── Task input ──

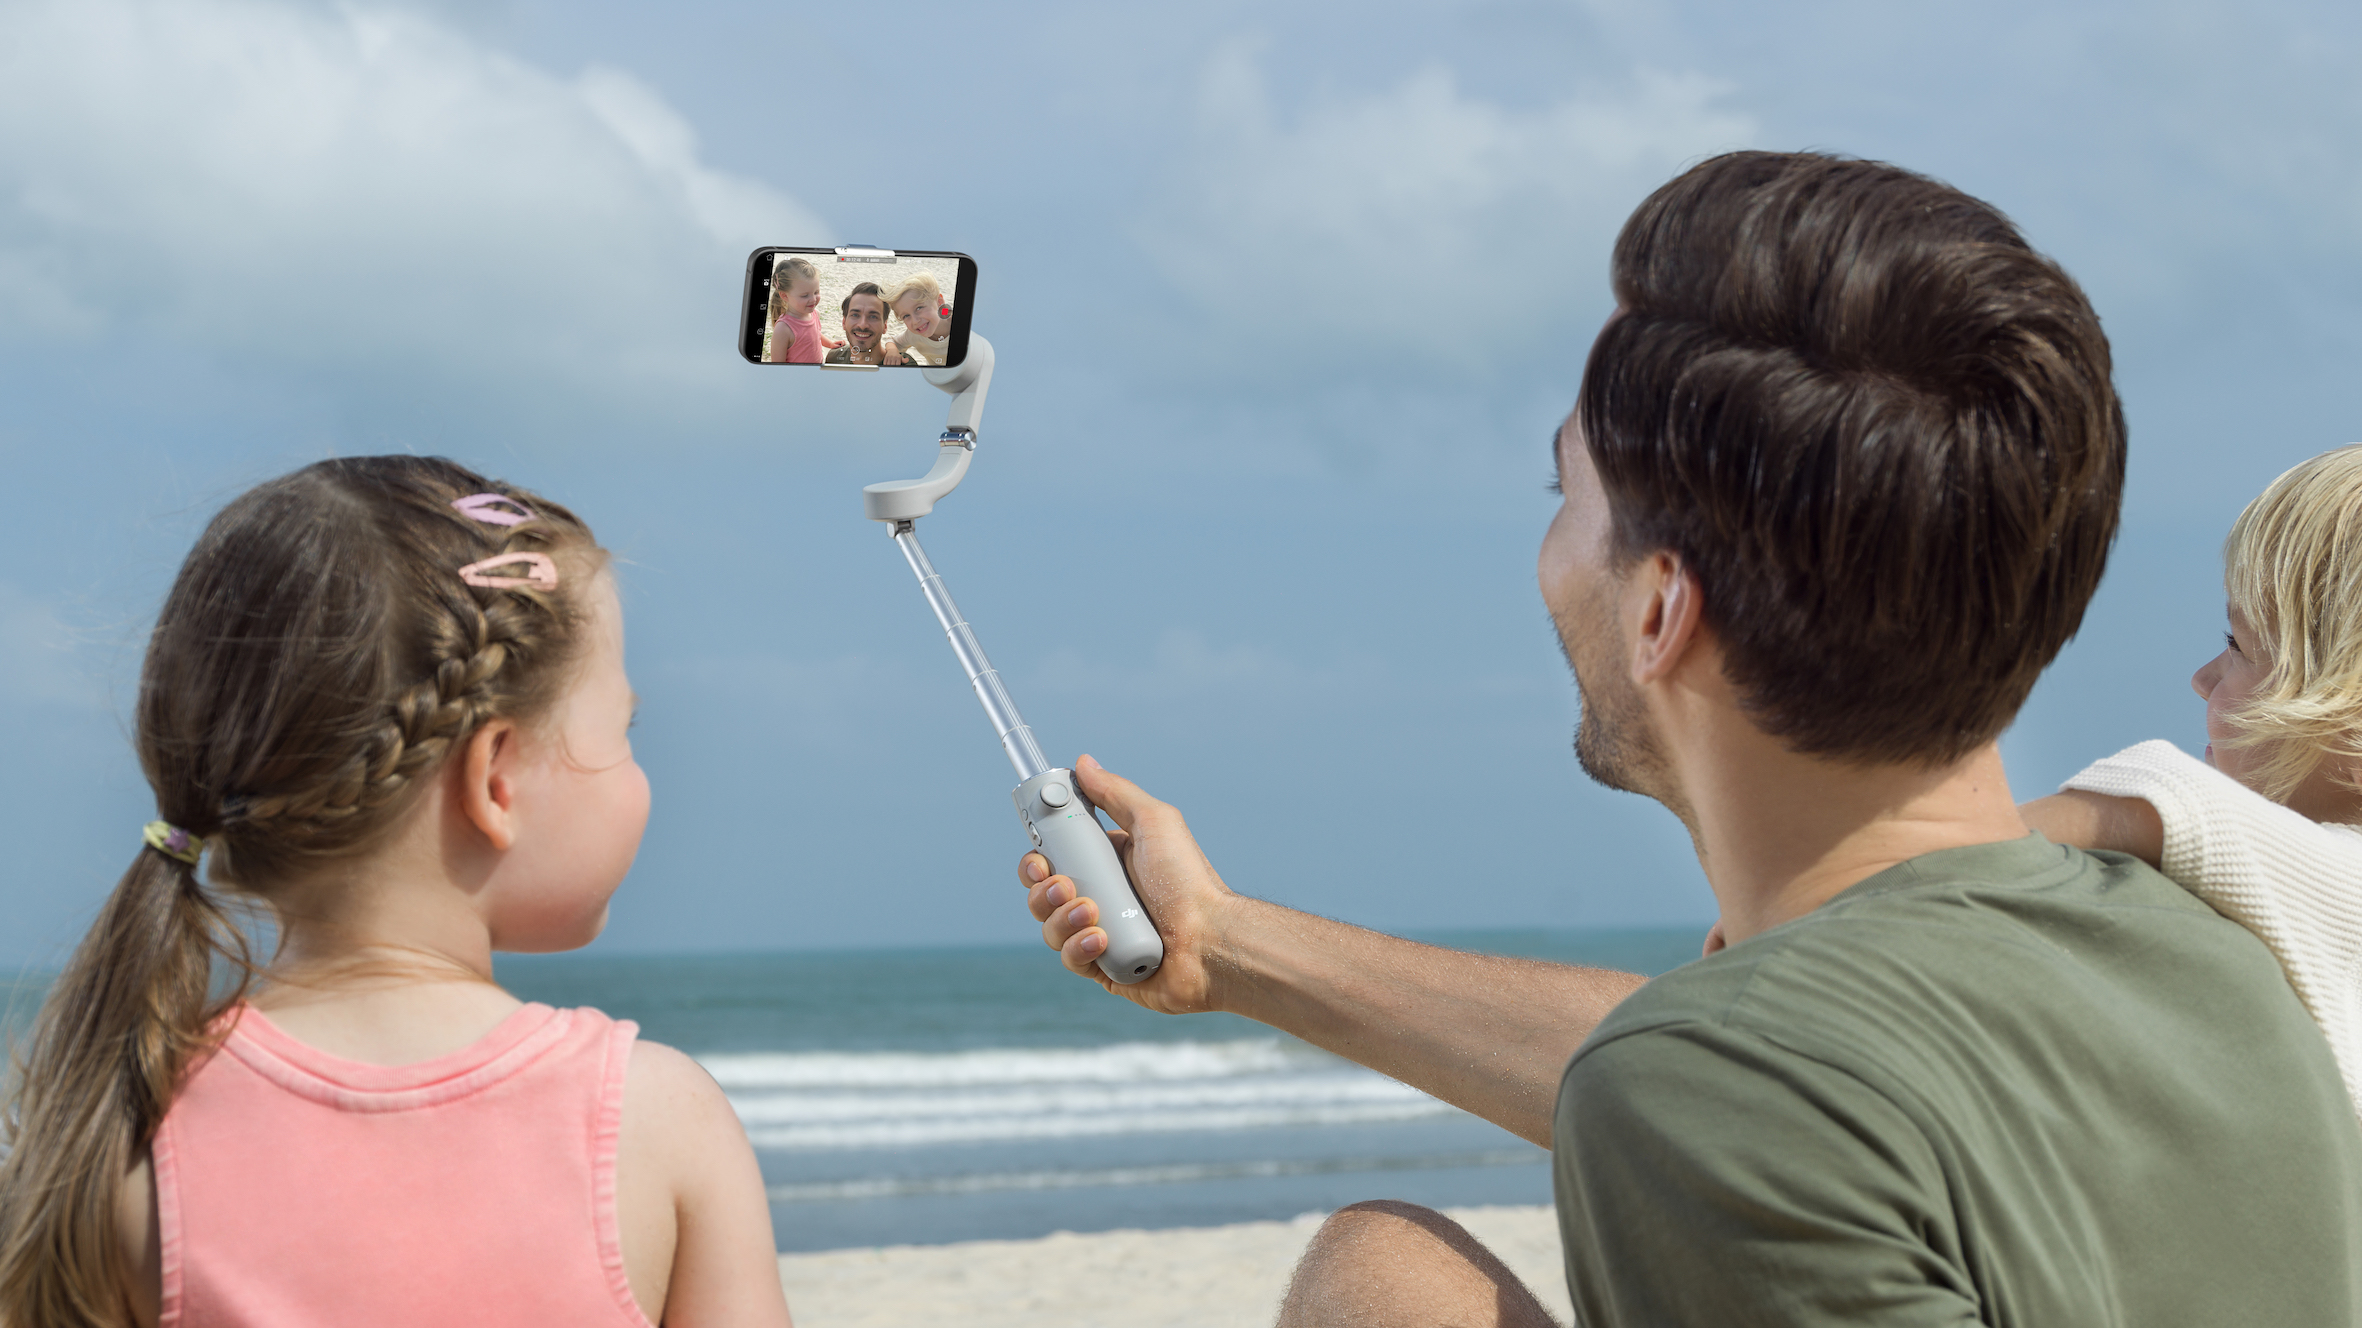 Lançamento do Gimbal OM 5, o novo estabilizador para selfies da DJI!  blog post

───
── Task input ──

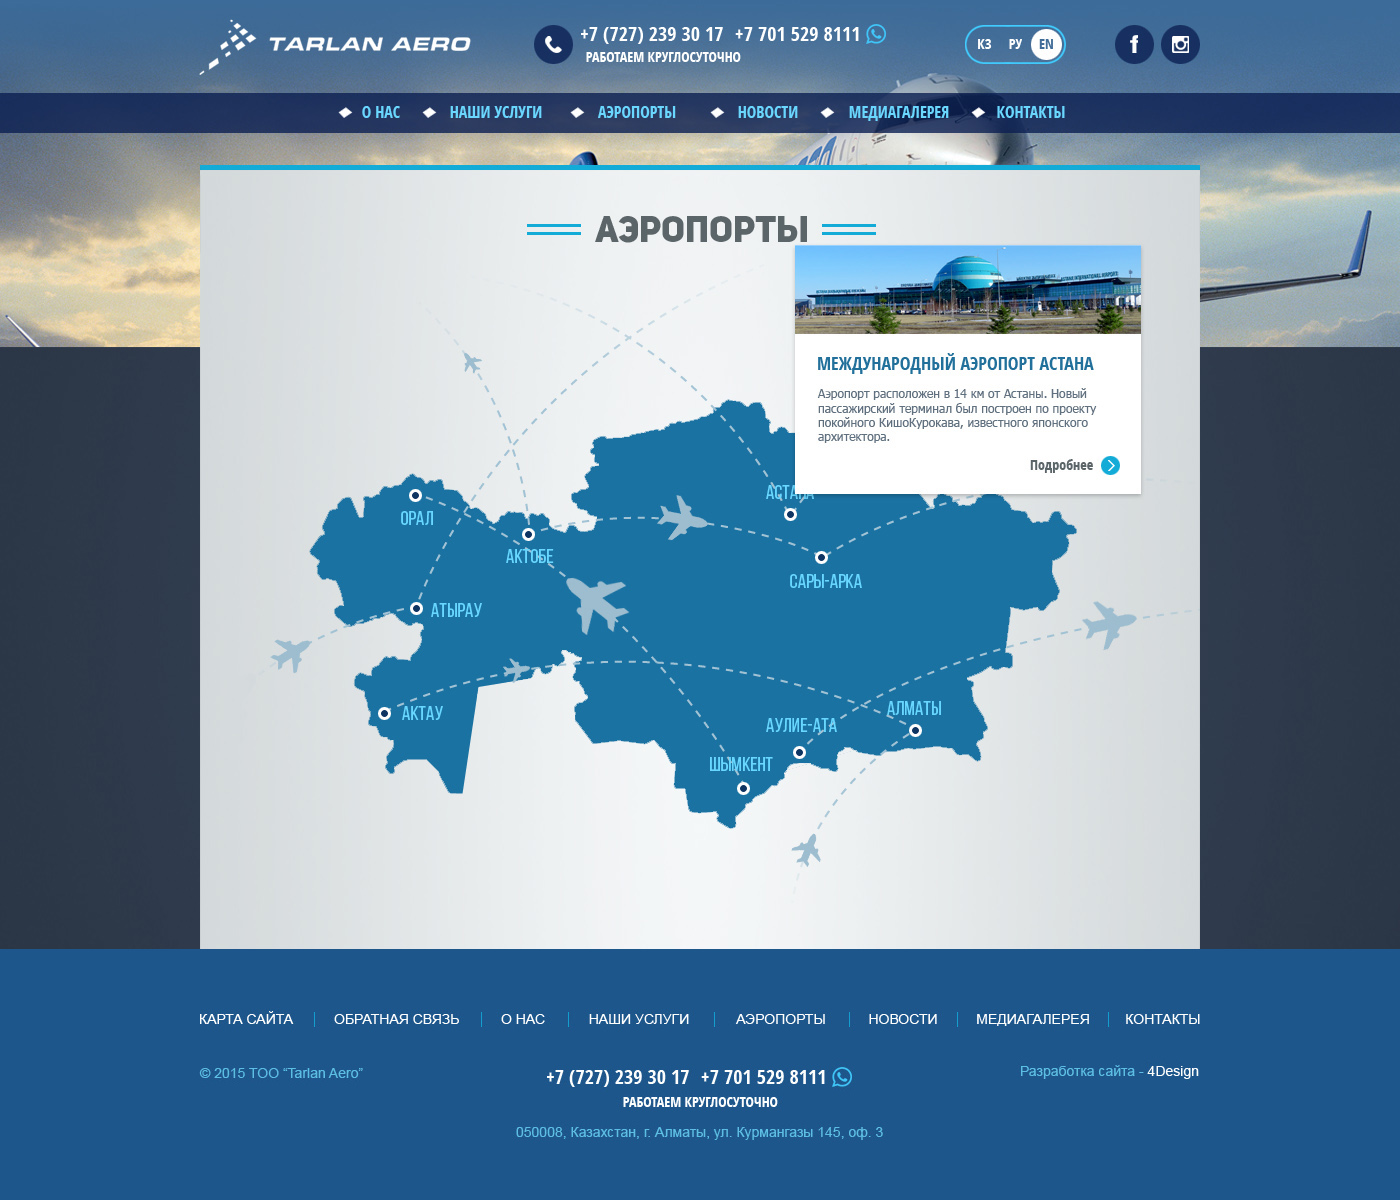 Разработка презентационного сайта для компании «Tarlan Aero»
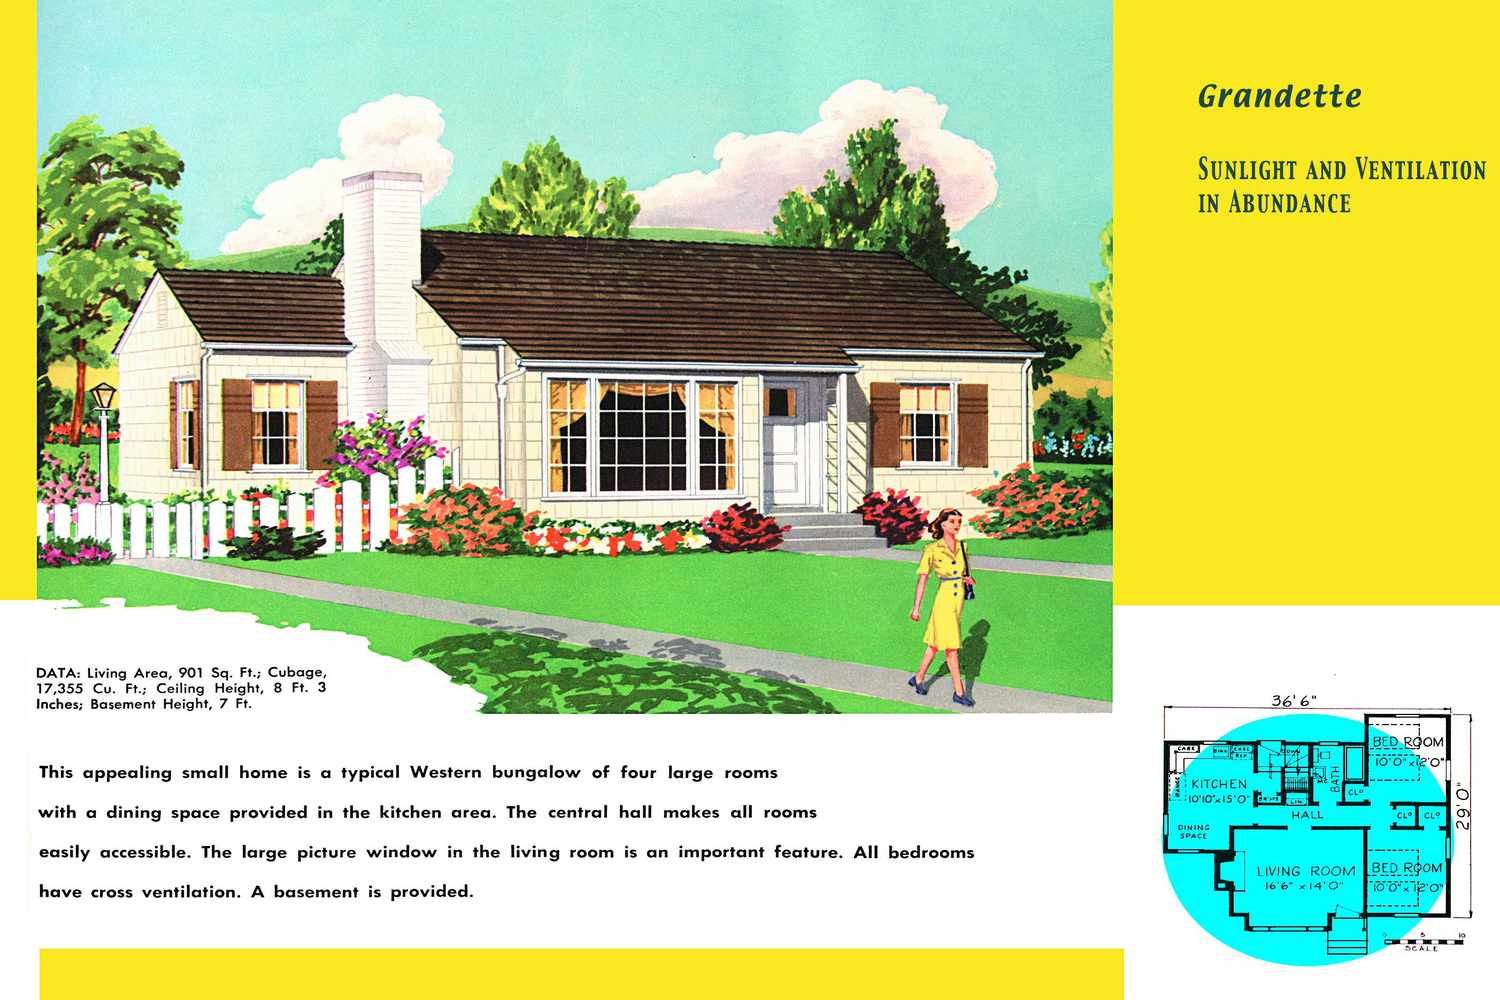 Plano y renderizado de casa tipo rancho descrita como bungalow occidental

───

• _Task instructions_
Starting at the line above that holds "Разработка презентационного сайта", return each line up to and including the one that holds "Plano y renderizado", exactly as written, minus any pictures.

• _Solution for this exercise_
 Разработка презентационного сайта для компании «Tarlan Aero»
 Plano y renderizado de casa tipo rancho descrita como bungalow occidental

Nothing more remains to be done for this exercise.